– Я не понял! – Яша вскочил и подбежал к телевизору. Камера, будто залюбовавшись, приблизила лицо молодой женщины. Женщина посмотрела на камеру и чуть-чуть приподняла уголки губ. – Это же Зинка! Зинка Карасиха! Это я, что? Я – что? Я для ЗИНКИ? Я? Я шил для нее? Ни хрена себе, – Яша не мог успокоиться, – да я думал, я для Магды! Для нее! Тигр же, и Лиля Брик! Какая Зинка – Лиля? Какая Кармен? Меня обманули!
– Яша, ангел мой, уймись, – «Географ» схватил его за локоть, – аминазинчика захотел? Всех спалишь, уймись, тебе какая разница? Сдурел? Важно тебе, кто там попой вертит? Тебе на волю и билетик надо, Яшенька, голубь мира! Ты неврастеник, а не псих…

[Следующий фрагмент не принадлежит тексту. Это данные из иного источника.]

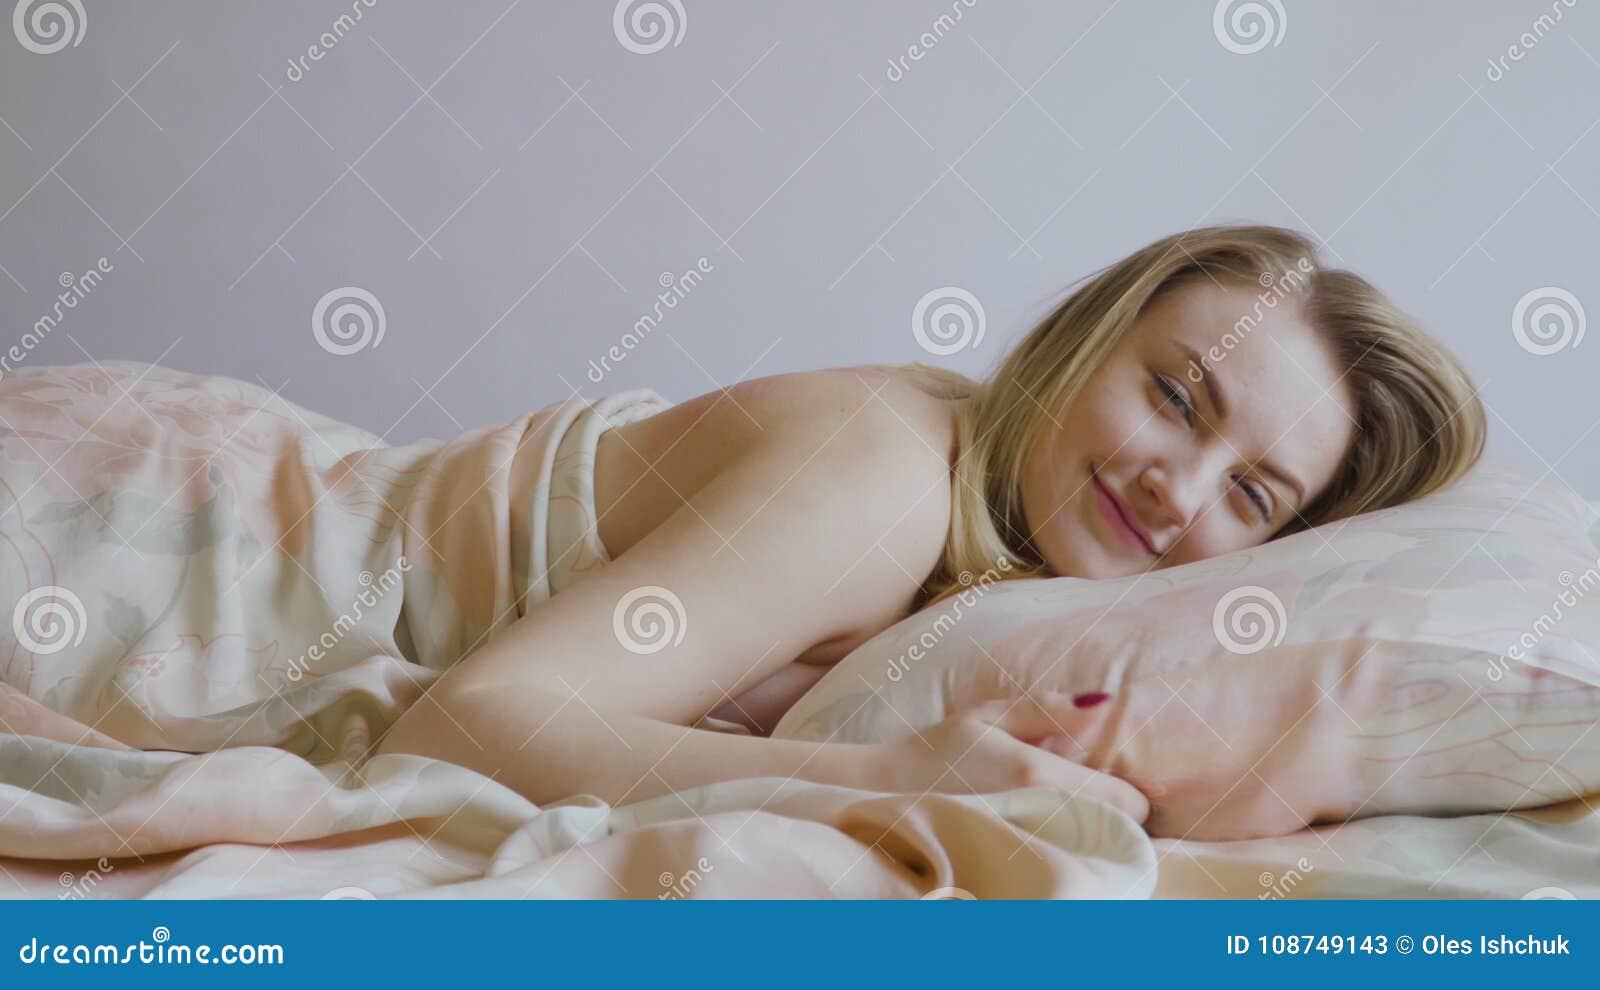 Girls sex full screen hd potos

Яша, который с самого первого разговора с Борисом твердо решил, что алый костюм предназначен Магде, был просто в бешенстве. Он вообразил, что Магда стала любовницей Бориса и тот, таким образом, хочет как бы и отомстить Яше, и извиниться перед ним за то, что увел у него женщину. Зина даже не фигурировала в Яшиных мыслях, он и не вспоминал о ней, разве так – если приходилось к слову. Как же Зина сможет вытащить его из психушки? Да никак! Папа у нее инженер, мама учительница музыки, бабушка отсидела при Сталине, деда расстреляли – где тут «связи»? Да, Зинка поступила в свой Текстильный, но кто у нее там? Модельер Волков? Но он-то причем? Он сам под колпаком «у Мюллера»! Все ясно, – Яша вдруг успокоился и сник, – динамо. Они меня продинамили. Они меня обштопали. Разыграли! Зинка отомстила мне за то, что я на ней не женился. Все. Теперь я навеки тут. Я тут умру под хохот безумцев, упаду лицом в грязный унитаз. Бли-и-и-н, как я попал…
А камера уже переходила от лиц знаменитостей – к гостям и зрителям, да и просто – к зевакам. Яша уставился на экран, механически отмечая про себя, что толпа одета ужасно, безвкусно, и на этом фоне зарубежные гости выглядят просто космически. Тут камера захватила и приблизила тоненькую девушку, с огромной серьгой в ухе. Серьга была такая – кольцо, а внутри кольца – тигр. Это был тот самый тигр, Магдин. Яша нашел у бабушки старую брошку, серебряную фигурку тигра, и сделал из неё серьгу. Магда всегда говорила, что ей нужно такую же, вторую, чтобы тигр не был одинок. Магда стояла рядом с журналистами и людьми явно богемного вида, типичными киношниками. У Магды был обычный отсутствующий вид, как тогда, в метро. За плечи ее обнимал, притягивая к себе, сам Темницкий. Магда казалась какой-то нездешней, впрочем, при большом скоплении народа она всегда и была такой. Темницкий говорил с кем-то, похожим на Кшиштофа Занусси, улыбался, и все сильнее сжимал Магдино плечо. Яша закрыл глаза и вышел из холла.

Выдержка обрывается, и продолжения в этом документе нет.